E dire che non sono ancora riuscito a visitare tutti i musei siti nel Mall. Tra l'altro va detto che altri sono sparsi, non solo nelle vicinanze, ma anche a New York, come il Cooper-Hewitt Museum. Senza contare gli istituti di ricerca (zoologica, marina, ecologica, tropicale), disseminati tra Panama e Harvard.

NATIONAL MUSEUM OF THE AMERICAN INDIAN, NEW YOK

Molti anni dopo avrò comunque l'opportunità di vedere a New Yorknel George Gustav Heye Center, ospitato nell’ex Palazzo della Dogana statunitense,  l’interessante National Museum of the American Indian. Museo che ha anche altre due sedi, una sempre a Washington, nel National Mall (dal 2004), l'altra nel Maryland.

Una sala del Museo (© Franco Pelliccioni) 

IL MUSEO DI STORIA NATURALE, WASHINGTON

Una  Ford modello T parcheggiata davanti al Museo, ca. 1926 (Library of Congress)

Mai visita fu così bene accetta di quella che, sempre durante quel mio primo viaggio negli States, effettuai alla sezione africana (African Cultures) del Museo di Storia Naturale. Completato nel 1881, il Museo contiene oltre 81 milioni di reperti (meno dell'1% è esposto).

Il Museo di Storia Naturale, 2005 ( CC Some rights reserved User:Postdlf)

La sezione africana fa parte del Dipartimento di Antropologia: più di un milione di reperti di ogni parte del mondo, una biblioteca (oltre 50.000 volumi), archivio (più di due chilometri di scaffali) e fototeca (circa 400.000 "pezzi", dei quali oltre 90.000  risalgono al periodo 1860-1930).

L'etnologo Gordon D. Gibson (1922-), uno  specialista dei Bantu sud-occidentaliCuratore dell'importante sezione, durante quella visita rappresentò il mio prezioso "Virgilio" . 

Con meticolosità scientifica e dovizia di particolari mi avrebbe infatti illustrato, una sala dopo l'altra, le diverse aree culturali e ciascun grande diorama presente. Nei quali, grazie alla straordinaria massa di reperti etnografici a disposizione, erano esemplarmente ricostruite, con ricchezza di dettagli, regioni a me ancora molto care [E sì! Perché, soprattutto nel cuore, sono ancora un impenitente africanista, che per mille motivi ha poi dovuto volgere la sua vita professionale in altre aree del mondo]. Non solo sulla base della relativa letteratura africanistica, ma principalmente con l'intervento personale di ricercatori e curatori tra i più prestigiosi disponibili sul mercato dei cervelli, e sulla base delle singole ricerche sul campo. 

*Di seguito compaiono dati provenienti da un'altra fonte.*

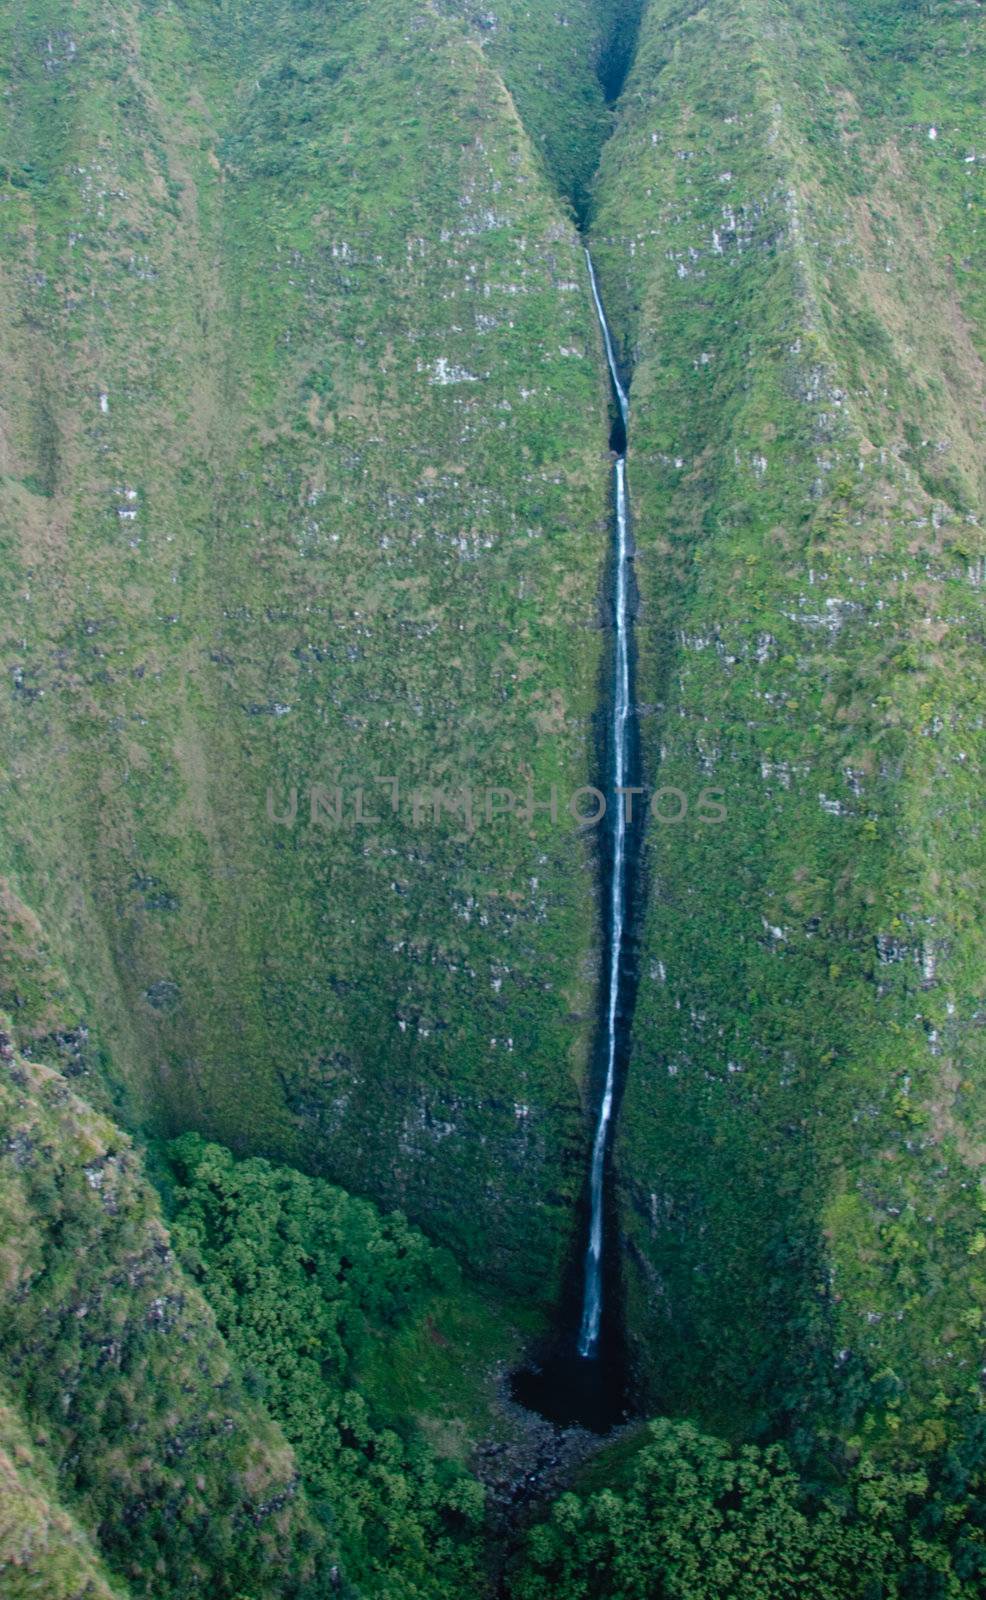 Waterfall streaming down the rock face of Mt Waialeale in Kauai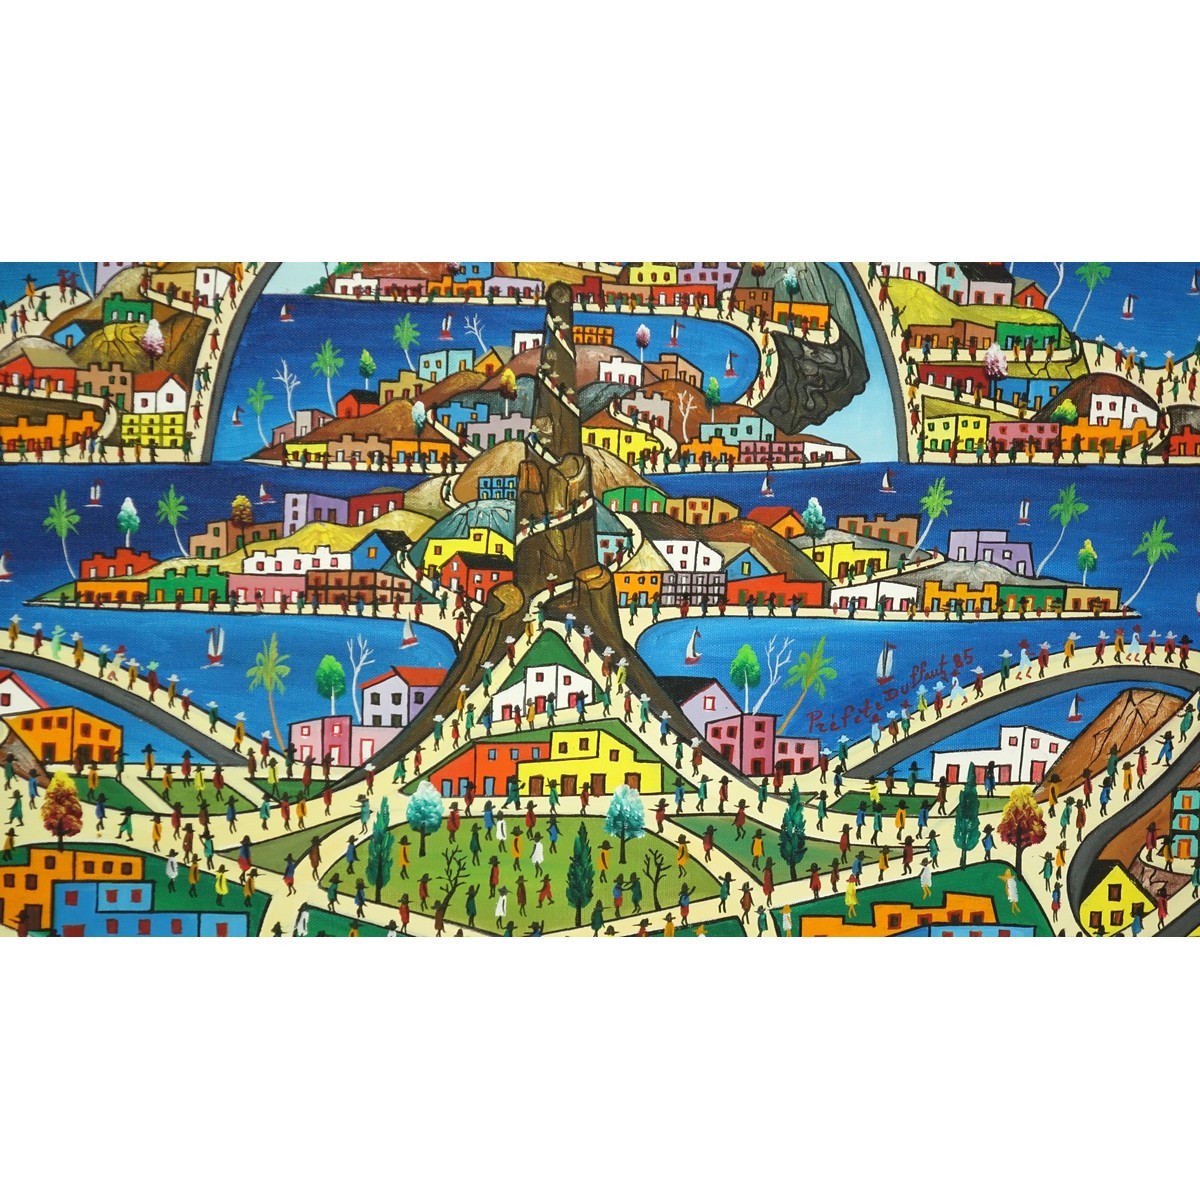 Prefete Duffaut, Haitian (1923 - 2012) Oil on Canvas, Fantasy Coastal City, Signed Center. Artist information attached en verso.

Statuetta maschile dei Bakongo, Congo, fine XIX secolo (foto 2015, Daderot

Ogni vetrina, ogni ricostruzione d'ambiente ha perciò ottenuto l'insostituibile, prezioso, supporto di studiosi che, proprio in quelle aree culturali africane, hanno condotto ricerche importanti, spesso facenti parte ora della storia della disciplina. Il Turnbull, ad esempio, ha sapientemente curato il diorama riguardante i Pigmei Mbuti dell'Ituri (Zaire, dal maggio 1997 Repubblica Democratica del Congo).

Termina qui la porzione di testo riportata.